RGI 7.0 — NASA Earthdata credential flow¶
RGI 7.0 glacier outlines are distributed by NSIDC behind Earthdata Login.
CAS fetches with your credentials (it is your download agent; credentials
are never written to the manifest or logged). The redirect dance —
daacdata.apps.nsidc.org → urs.earthdata.nasa.gov → back with an auth code —
is walked explicitly; a bearer token rides every hop, while Basic credentials
are applied only on the URS host.
Provide credentials by any one of (precedence order):
$ export EARTHDATA_TOKEN=<token> # URS → My Profile → Generate Token
# or ~/.netrc: machine urs.earthdata.nasa.gov login <user> password <pass>
# or: export EARTHDATA_USERNAME=<user> EARTHDATA_PASSWORD=<pass>
Without credentials a sync/subset fails with an actionable MirrorAuthError
(where to register at https://urs.earthdata.nasa.gov/users/new, where
credentials go). RGI 7.0 has 19 first-order regions (units 01–19);
the bbox→region table lives in cas.mirror.units. Rasterization and HRU
intersection stay in the consumer (SYMFLUENCE).
import cas
# Iceland domain — pulls only region 06 (~2.3 MB), CC-BY 4.0
result = cas.mirror_subset_sync("rgi7", bbox=(-25, 63, -13, 67), output_dir="/tmp/rgi")

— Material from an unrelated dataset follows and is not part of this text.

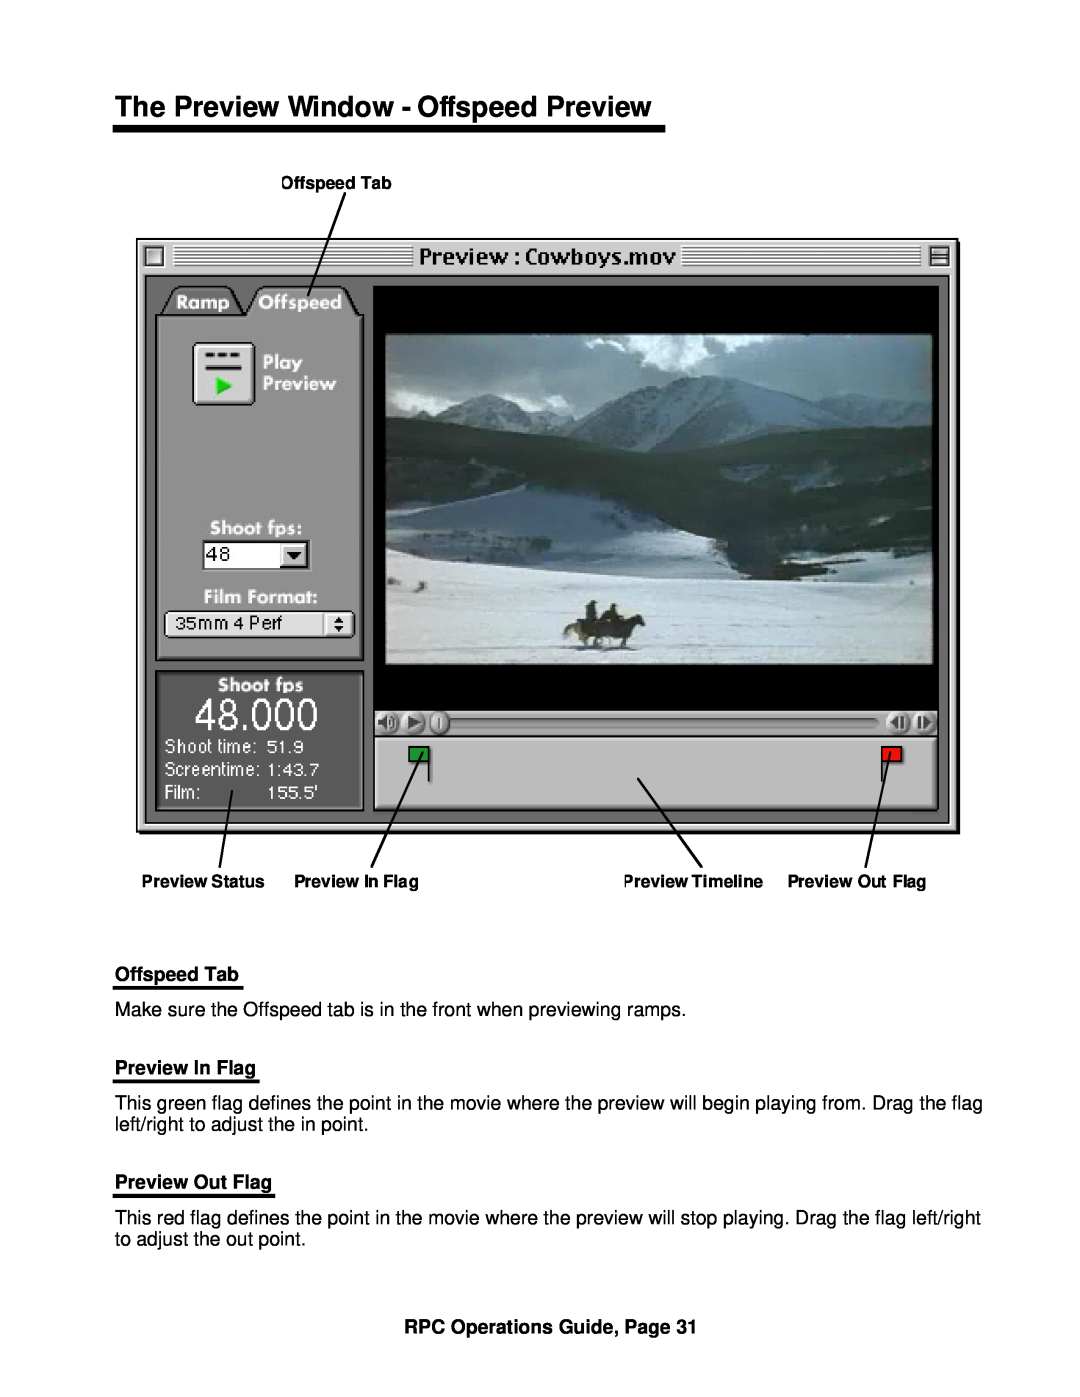 ARRI ARRI Ramp Preview Controller The Preview Window - Offspeed Preview, Offspeed Tab, Preview In Flag, Preview Out Flag 
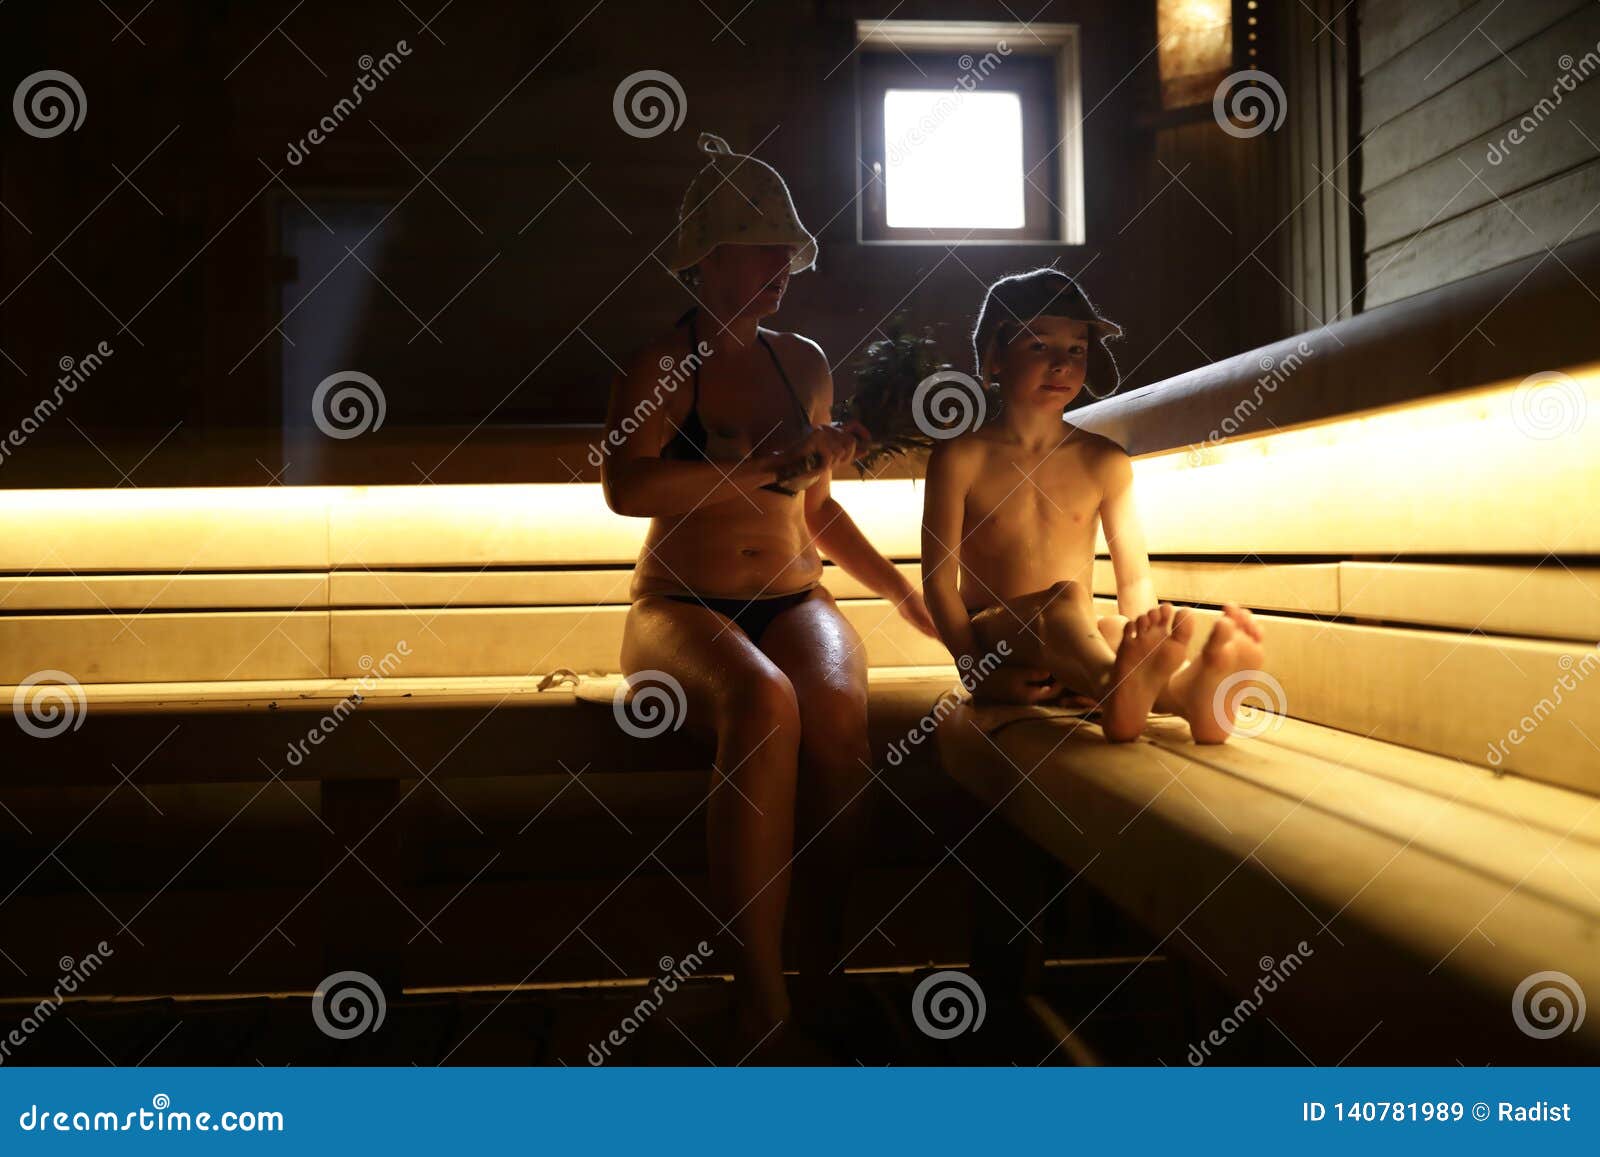 The banya steam bath is very important to russians and its фото 70

Stats over a mirror — GLHYMPS extract()¶
A mirror-backed dataset can also serve zonal statistics through the normal
extraction engine (cas.extract / extract_sync / batch), not just
mirror_subset. GLHYMPS is the motivating case: its old HTTP connector was
disabled (pygeoglim's real API is CONUS-only), and the mirror resurrects it
with global coverage.
import cas
req = cas.AttributeRequest(
geometry={"type": "Polygon", "coordinates": [[[7, 45], [11, 45], [11, 47], [7, 47], [7, 45]]]},
dataset_ids=["glhymps:permeability", "glhymps:porosity"],
)
resp = cas.extract_sync(req)
for r in resp.results:
print(r.dataset_id, r.value, r.units, r.coverage_fraction)
glhymps:permeability (column logK_Ice), glhymps:permeability_permafrost_free
(logK_Ferr) and glhymps:porosity (Porosity) are area-weighted means
over the query polygon. GLHYMPS's source CRS is already World Cylindrical
Equal Area, so intersection areas are measured directly in the layer CRS (the
generic path reprojects to an equal-area CRS centred on the query).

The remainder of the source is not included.